Tuesday, 8 May 2012
The Night Circus | Erin Morgenstern's Hugely Entertaining Novel of Magic and Illusion
Just when I thought that perhaps, just perhaps, the magic thing was beginning to lose steam, someone recommends to me Erin Morgenstern's novel, The Night Circus. Think Harry Potter for grown ups, Gaiman but more... erm, girly? (On her website Erin says she is a fan of both JK Rowling and Stephen King). Add some seriously cool fashion sense, on the gothy side of the spectrum perhaps. A bit of stargazing. A hint of predestination. You begin to get the idea.
I was undeniably gripped. Morgenstern flits from character to character, scene to scene, time zone to time zone, with a pace and a lightness of touch that is both impressive and breathless.
There are times when I found my brow knitting at her phrases, which occasionally leaned to far towards the general, the vague. Characters 'speak of other matters'... have 'something else to attend to'. It's gloriously polite and gentlemanly but with a twist of the exotic. [Morgenstern is from Massachusetts, perhaps that shows a little. Her London is an American's London.] It's a sort of literary burlesque. The women wear corsets and fabulous gowns. They strut and perform remarkable feats -- turn books into birds or tell the future -- and men fall in love with them. Men wearing fine grey suits and hats. (Love those Victorians for their hats.)
The Night Circus is a glamorous, fantastical creation. The perfect circus, unfettered by the laws of gravity or science, where you can walk on clouds and see the impossible. If the book has a fault it is that it relies too much on its inner logic. We are asked to believe that two magicians must joust -- performing feats of magic in opposition to one another -- until a clear winner is declared and the other is killed. Why? Because that is the magical contract... But why couldn't they break it? They just couldn't, you see. That is what is at stake, one of them must die.
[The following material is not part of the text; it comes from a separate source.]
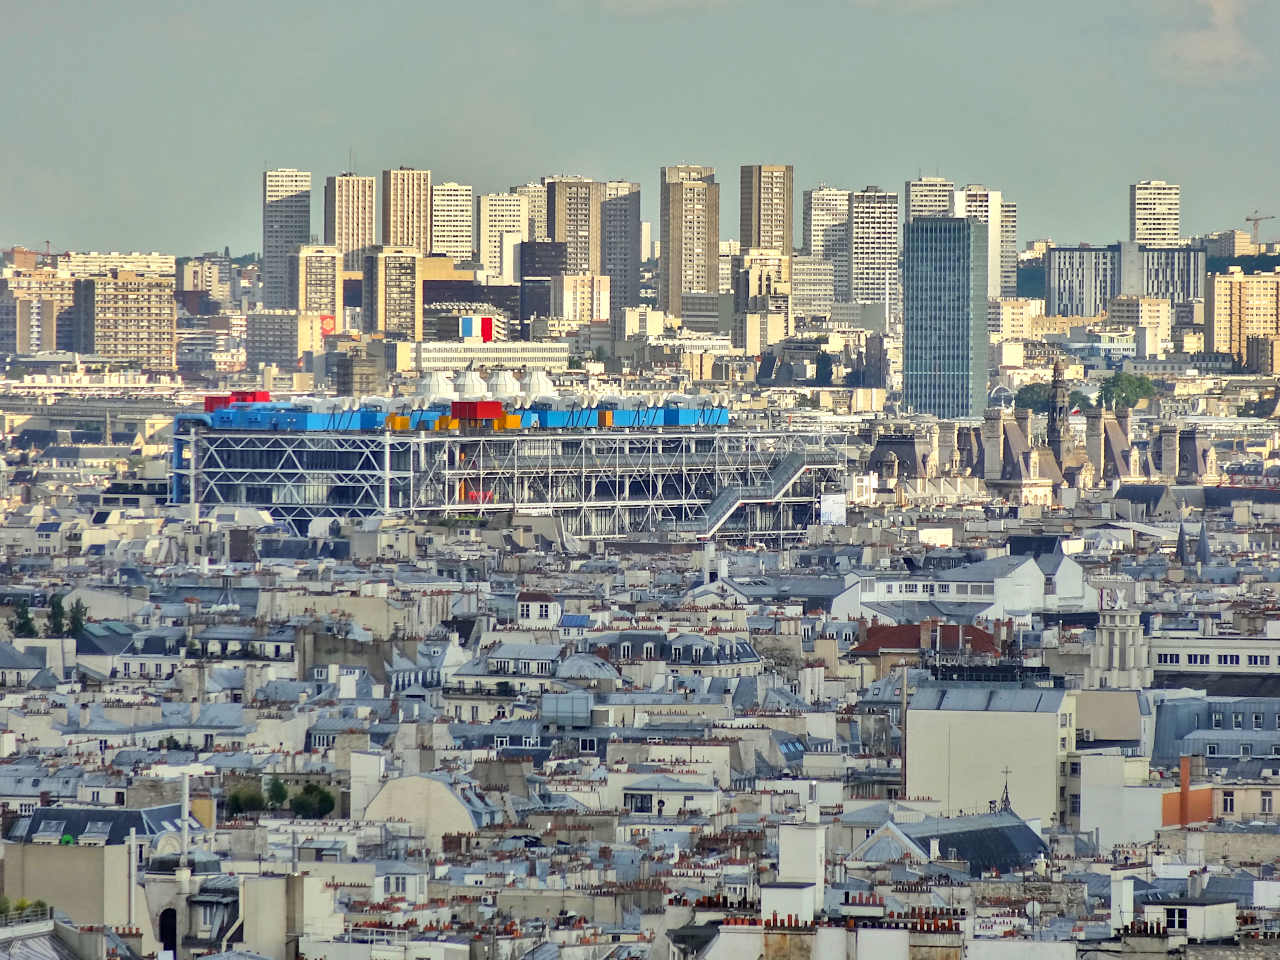 Centre Pompidou au milieu des immeubles parisiens, vu depuis Montmartre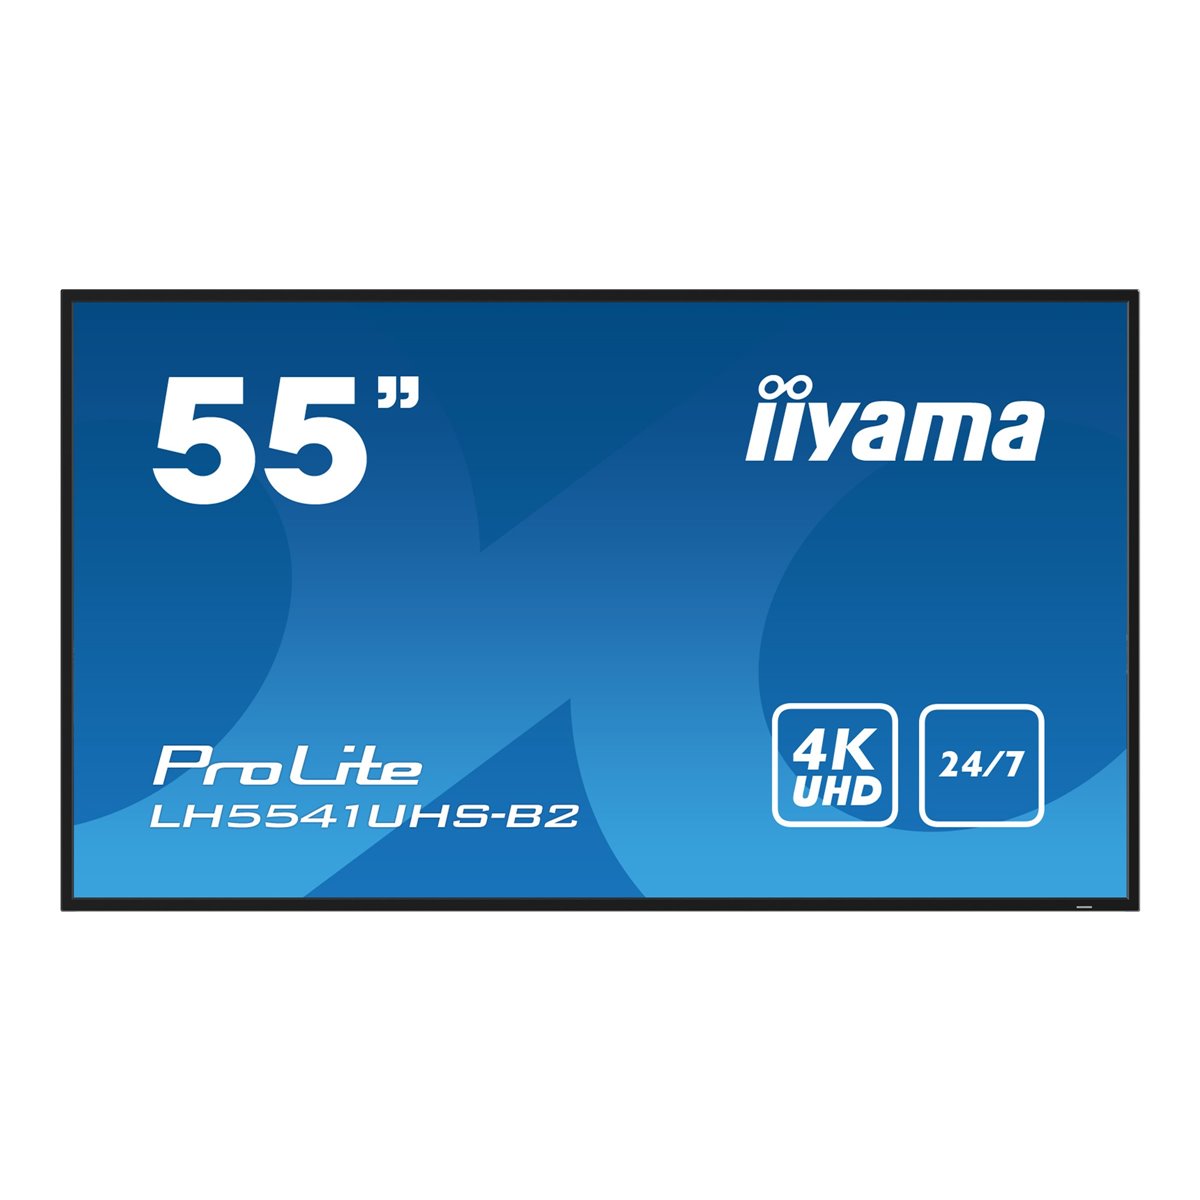 Iiyama 55iW LCD 4K UHD IPS - Flat Screen

You'll either go with that. Or you won't.
It is in the same territory as Susanna Clarke's Jonathan Strange and Mr Norrell. But without the heavy, fauz 19th Century novel prose.
Morgenstern paints a wonderful picture of The Night Circus and she had me utterly absorbed if not completely convinced with her contest. Structurally this is a complex novel that asks you to pay attention, to sit up straight -- though in the end, I felt, it was not so complex. Where I thought there was a labyrinth was actually a simple enough pathway. She essentially uses two time frames to tell the story of Celia Bowen and Marco on the one hand, and of Bailey on the other. Bailey is by far the smaller of the stories, in a sense really just an important cameo -- and actually he is just one cameo among many. These cameos add to the sense of mystery...where is this leading, who is he, why, her? Ultimately though, this is Celia and Marco's story. A love story, in a Circus. What are you waiting for?
PS, it will make lovely television. Or perhaps a film.
The Night Circus is out in paperback on May 24. It has been nominated for both the 2012 Orange Prize and the Guardian first book award.